*Problem to solve*
In the listing below, locate the line with "Accipiter nisus (L." and the line with "Mega Sized Movie", then output both and everything between them exactly, minus any pictures.

*Input material*
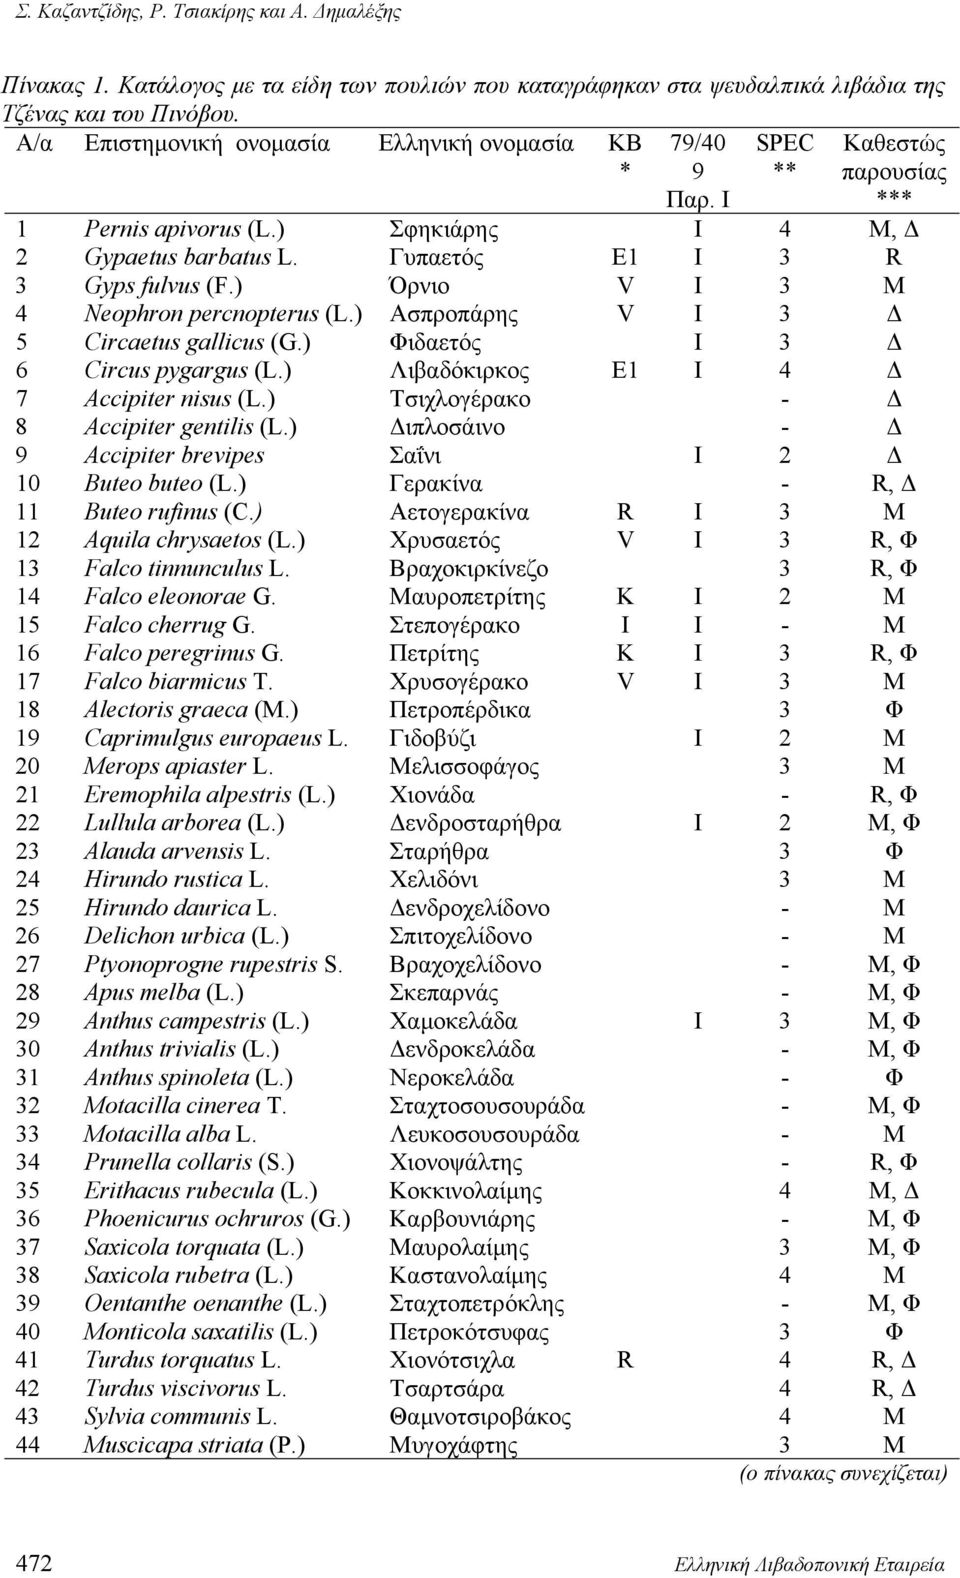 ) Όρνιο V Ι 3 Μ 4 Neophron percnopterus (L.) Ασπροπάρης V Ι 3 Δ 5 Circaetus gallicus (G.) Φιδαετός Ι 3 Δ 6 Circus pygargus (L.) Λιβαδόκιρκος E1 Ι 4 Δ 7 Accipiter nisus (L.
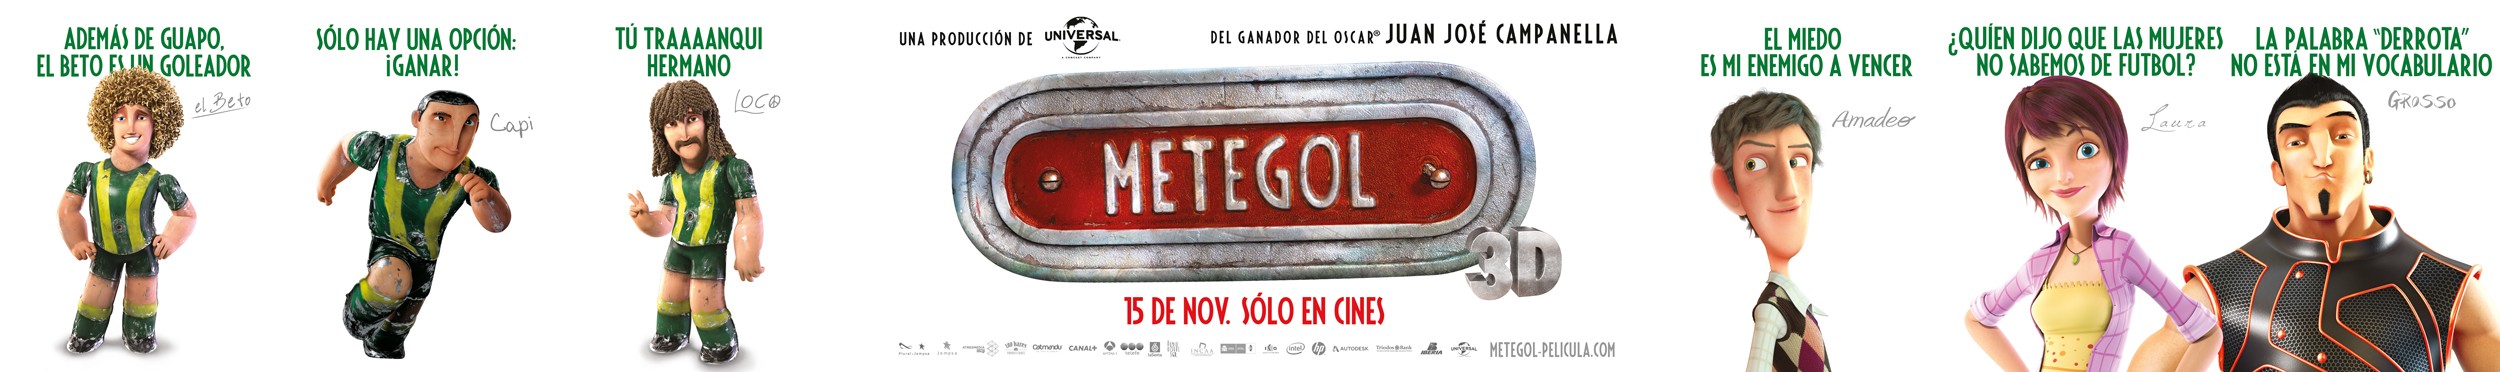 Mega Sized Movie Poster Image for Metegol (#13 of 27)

---

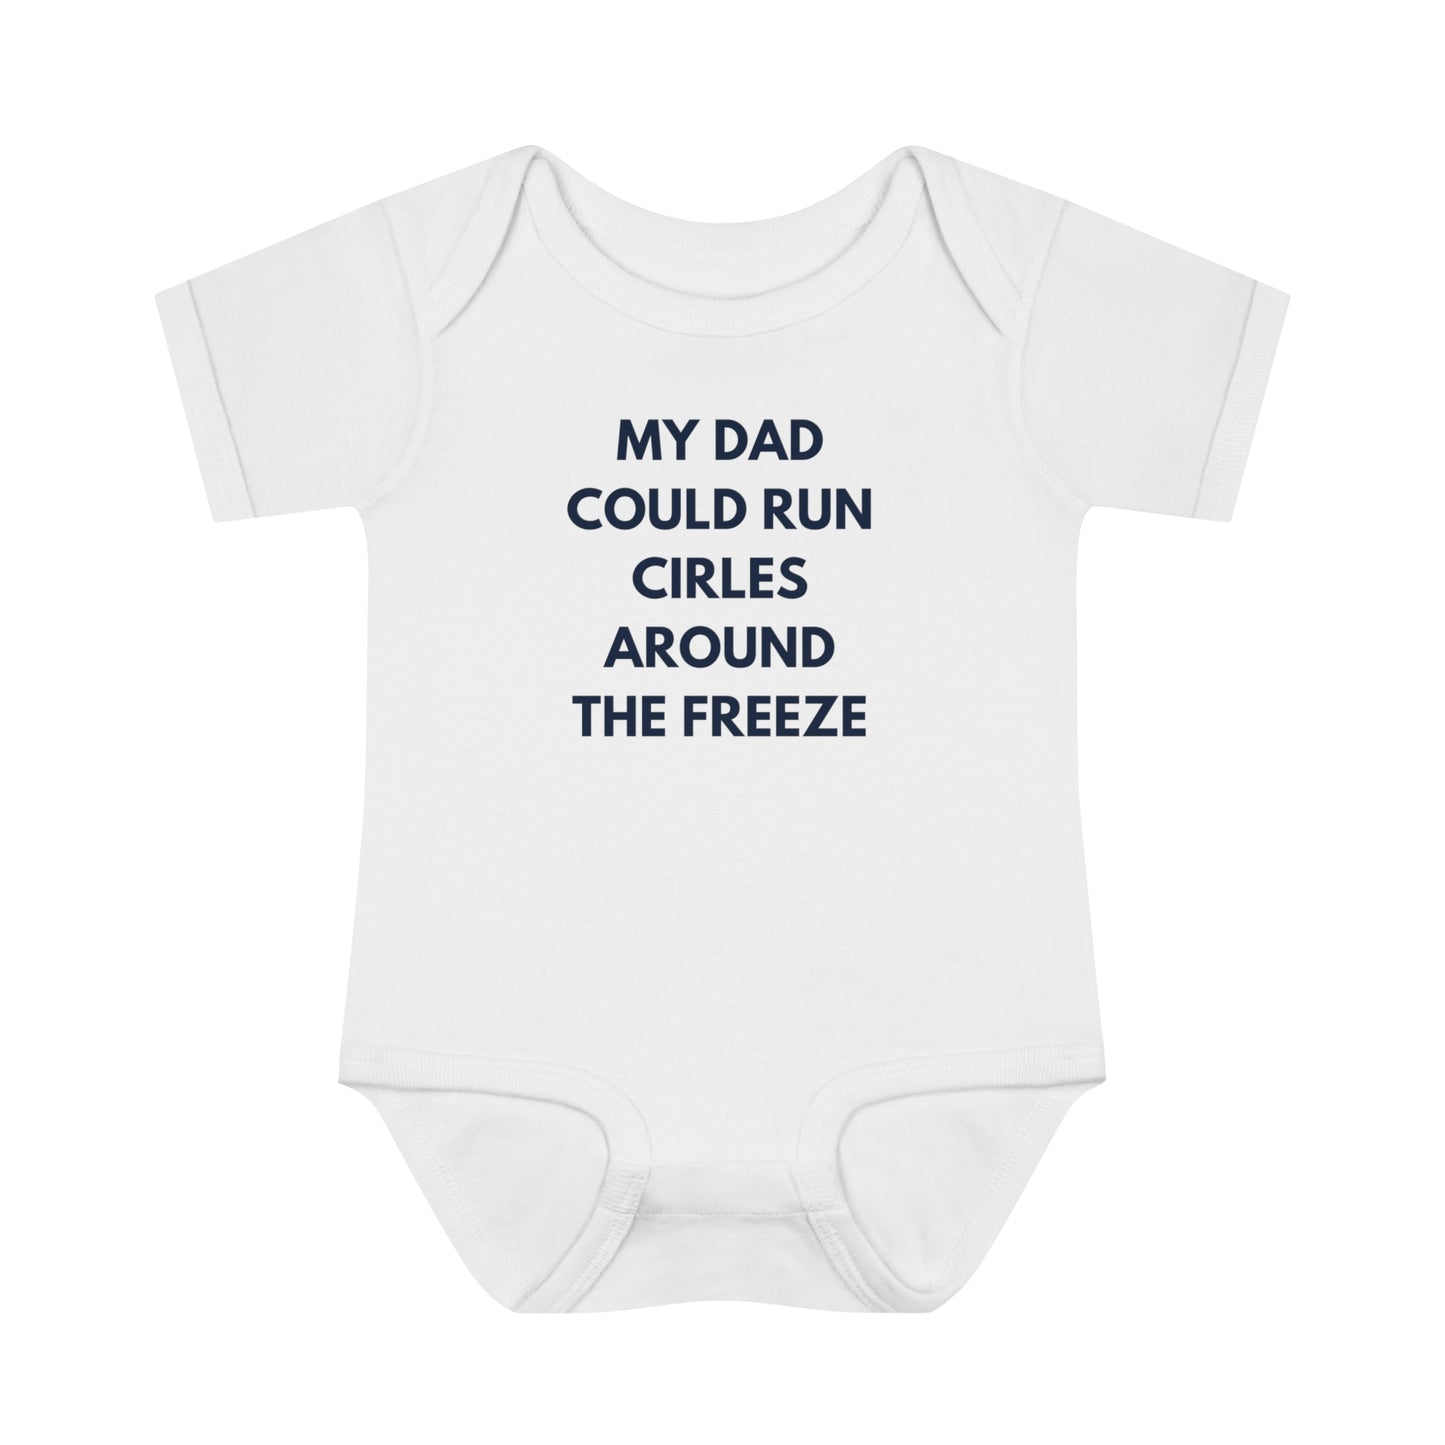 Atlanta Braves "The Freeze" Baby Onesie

*Answer below*
 ) Όρνιο V Ι 3 Μ 4 Neophron percnopterus (L.) Ασπροπάρης V Ι 3 Δ 5 Circaetus gallicus (G.) Φιδαετός Ι 3 Δ 6 Circus pygargus (L.) Λιβαδόκιρκος E1 Ι 4 Δ 7 Accipiter nisus (L.
 Mega Sized Movie Poster Image for Metegol (#13 of 27)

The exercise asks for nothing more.